“He has brought down the powerful from their thrones,
and lifted up the lowly; he has filled the hungry with
good thingsand sent the rich away empty.”
When asked how he wanted to be buried, ancient Greek philosopher Diogenes replied: “face down”. When asked why, Diogenes explained that the powers of the day had turned the world upside down, and he wished to be buried the right way up. Who could not sympathize with Diogenes as we read today’s news! The world does seem helter-skelter, upside-down, topsy-turvy; our hearts scream for justice!

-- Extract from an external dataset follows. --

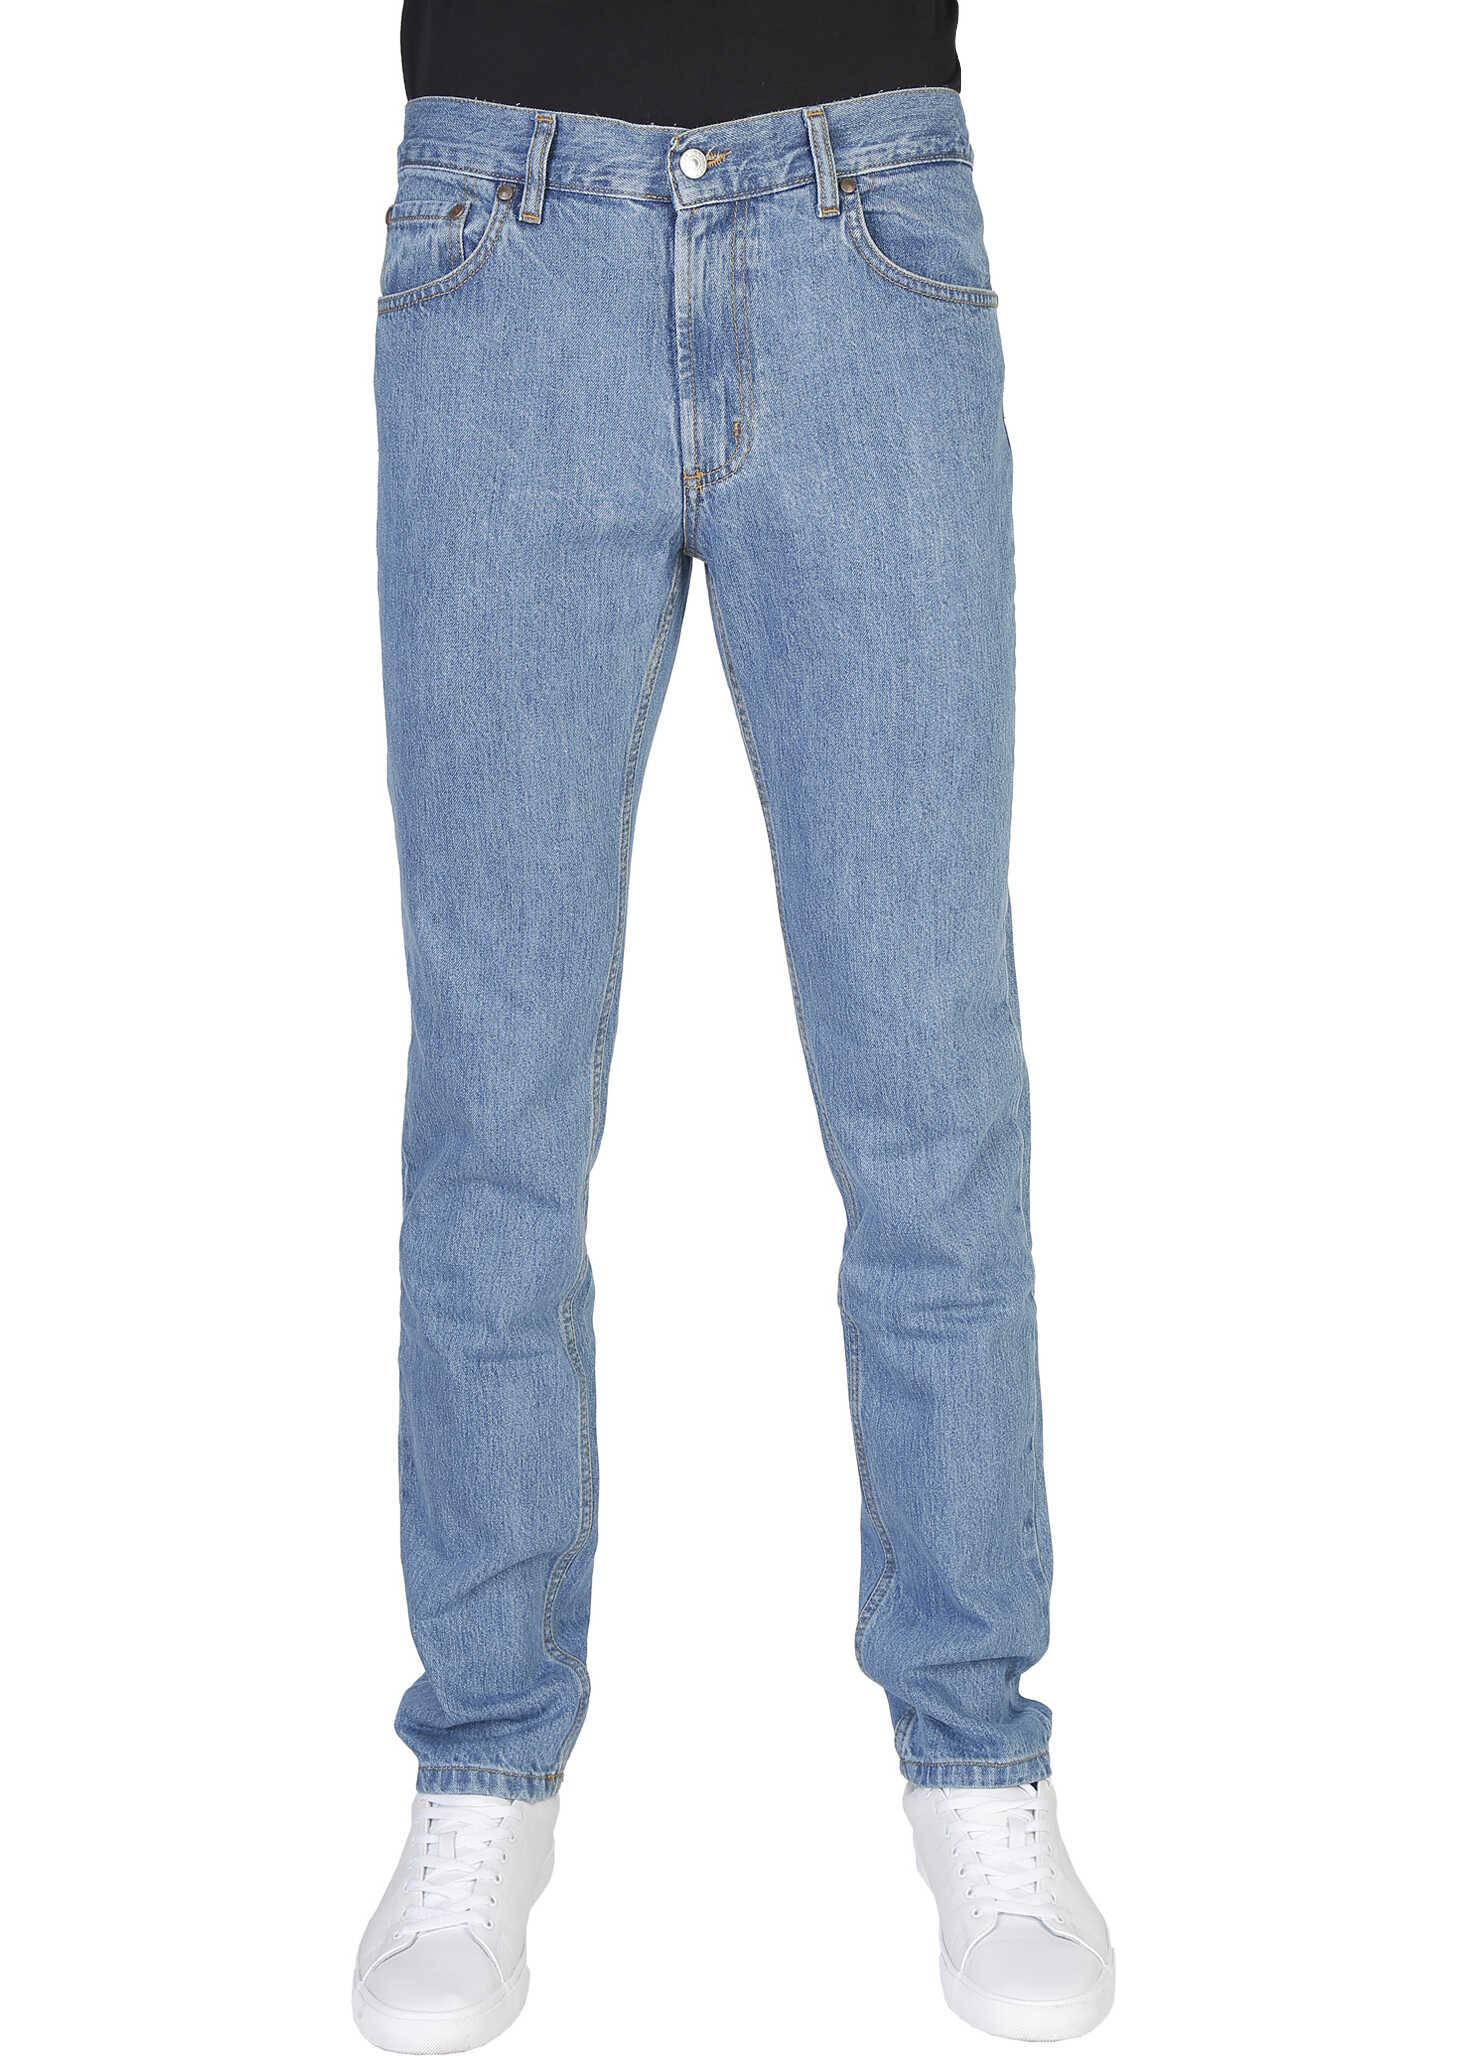 Carrera Jeans 000700_01021 Blue

Today’s news reads much like it read in Isaiah’s day as rulers “call evil good and good evil, who put darkness for light and light for darkness” (Isaiah 5:20). The leaders of the people are “wise in their own eyes…heroes in drinking wine…who acquit the guilty for a bribe, and deprive the innocent of their rights” (Isaiah 5:21-23). The whole world is upside down.
But in today’s words from Mary’s Song she sings in the “prophetic perfect” about Messiah setting things right. She speaks of future justice as an already accomplished fact: “He has brought down the powerful from their thrones, and lifted up the lowly”.
Unlike gods of the ancient world the God of the Bible does not favor the powerful or ruling class, but demonstrates a particular love for the lowly. Few themes in Scripture are emphasized as much as God’s zeal for bringing justice to the oppressed, and for turning the world right side up.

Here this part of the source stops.